[SUPPLIED ENTRIES]

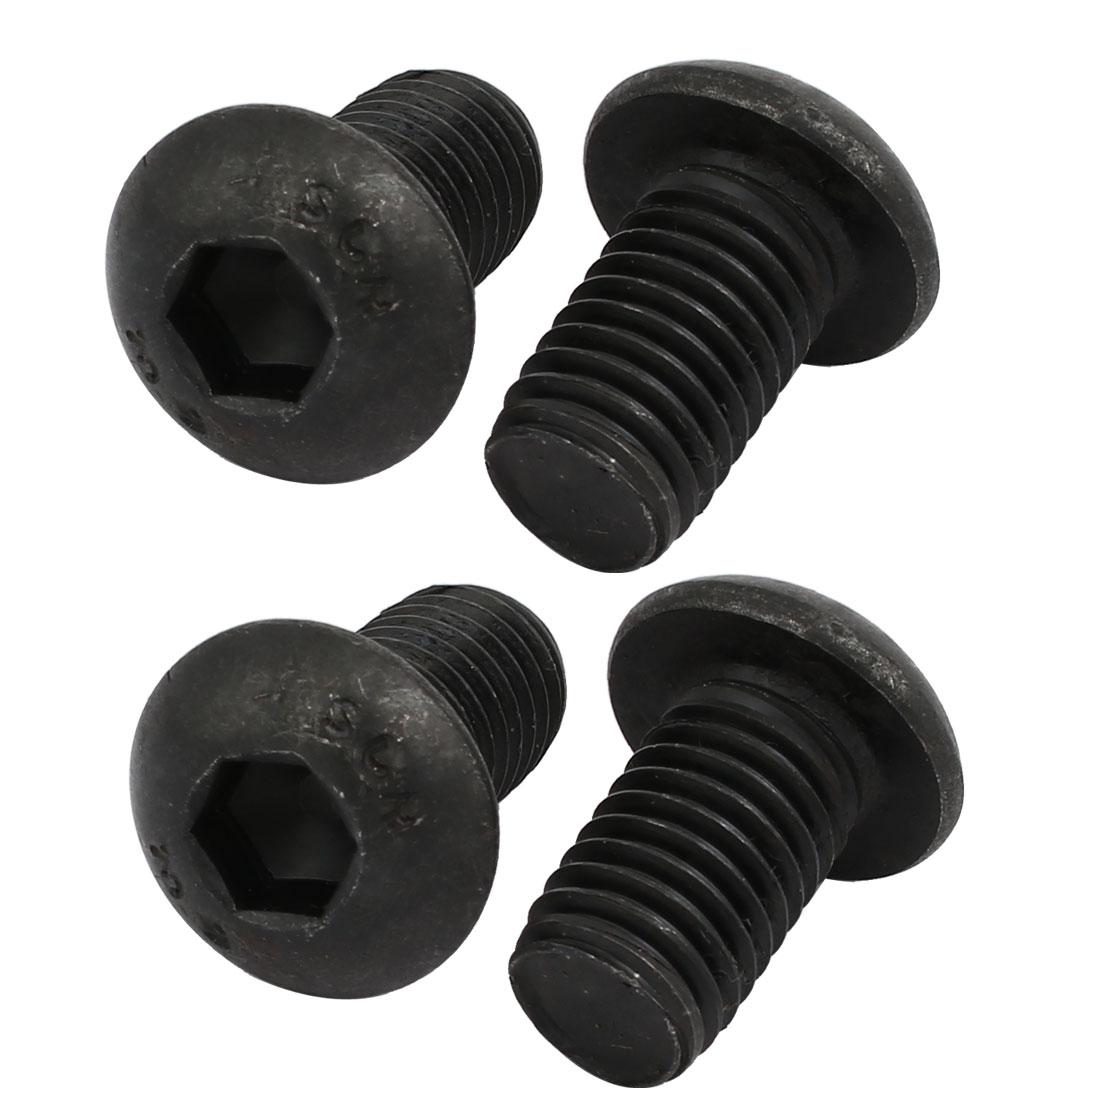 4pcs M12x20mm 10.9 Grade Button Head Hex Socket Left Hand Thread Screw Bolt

[/SUPPLIED ENTRIES]
[SUPPLIED ENTRIES]

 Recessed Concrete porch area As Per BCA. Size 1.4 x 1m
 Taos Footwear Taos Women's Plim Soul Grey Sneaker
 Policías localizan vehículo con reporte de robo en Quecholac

[/SUPPLIED ENTRIES]
[SUPPLIED ENTRIES]

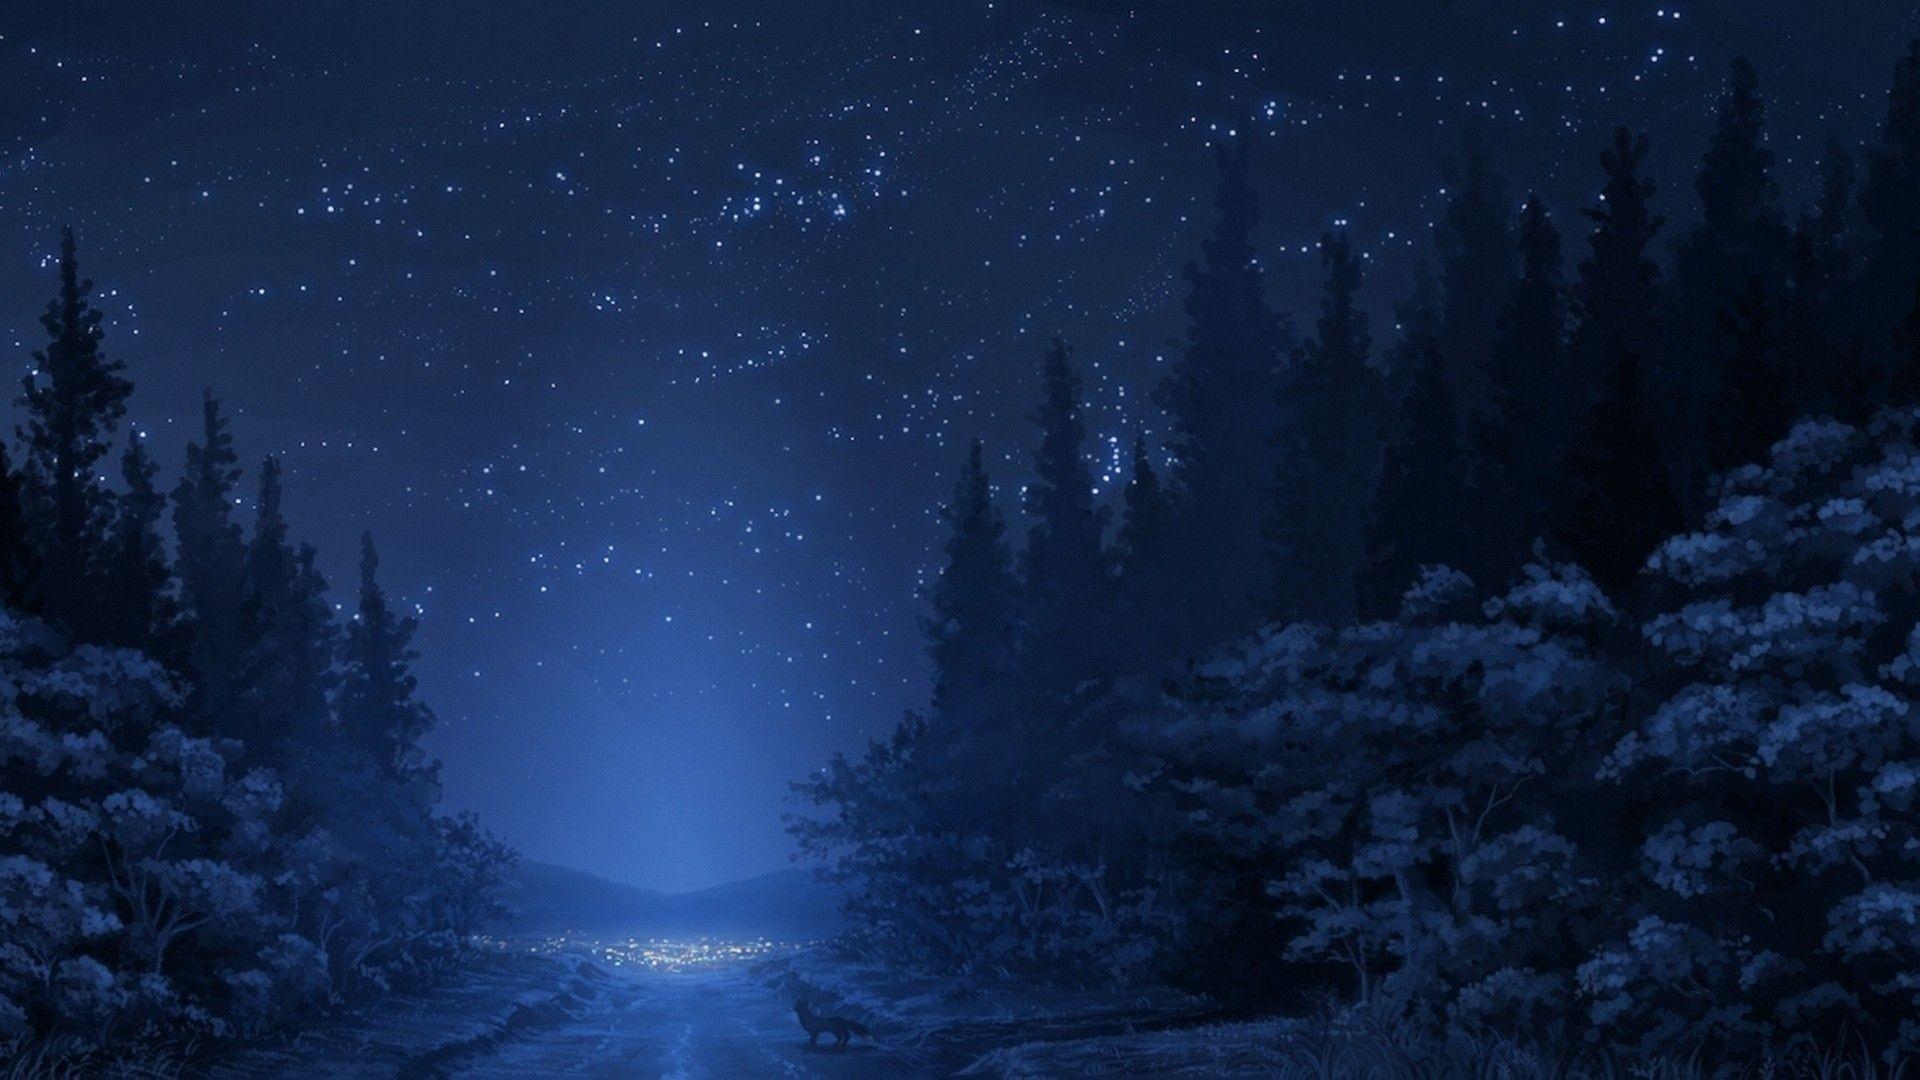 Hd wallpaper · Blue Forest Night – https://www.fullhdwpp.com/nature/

[/SUPPLIED ENTRIES]

[WHAT TO DO] Only the lines above starting with the one with "Taos Footwear Taos" and going through the one with "Policías localizan vehículo" are to be copied, word for word and with both ends kept.

[ANSWER FOR THIS EXERCISE]
 Taos Footwear Taos Women's Plim Soul Grey Sneaker
 Policías localizan vehículo con reporte de robo en Quecholac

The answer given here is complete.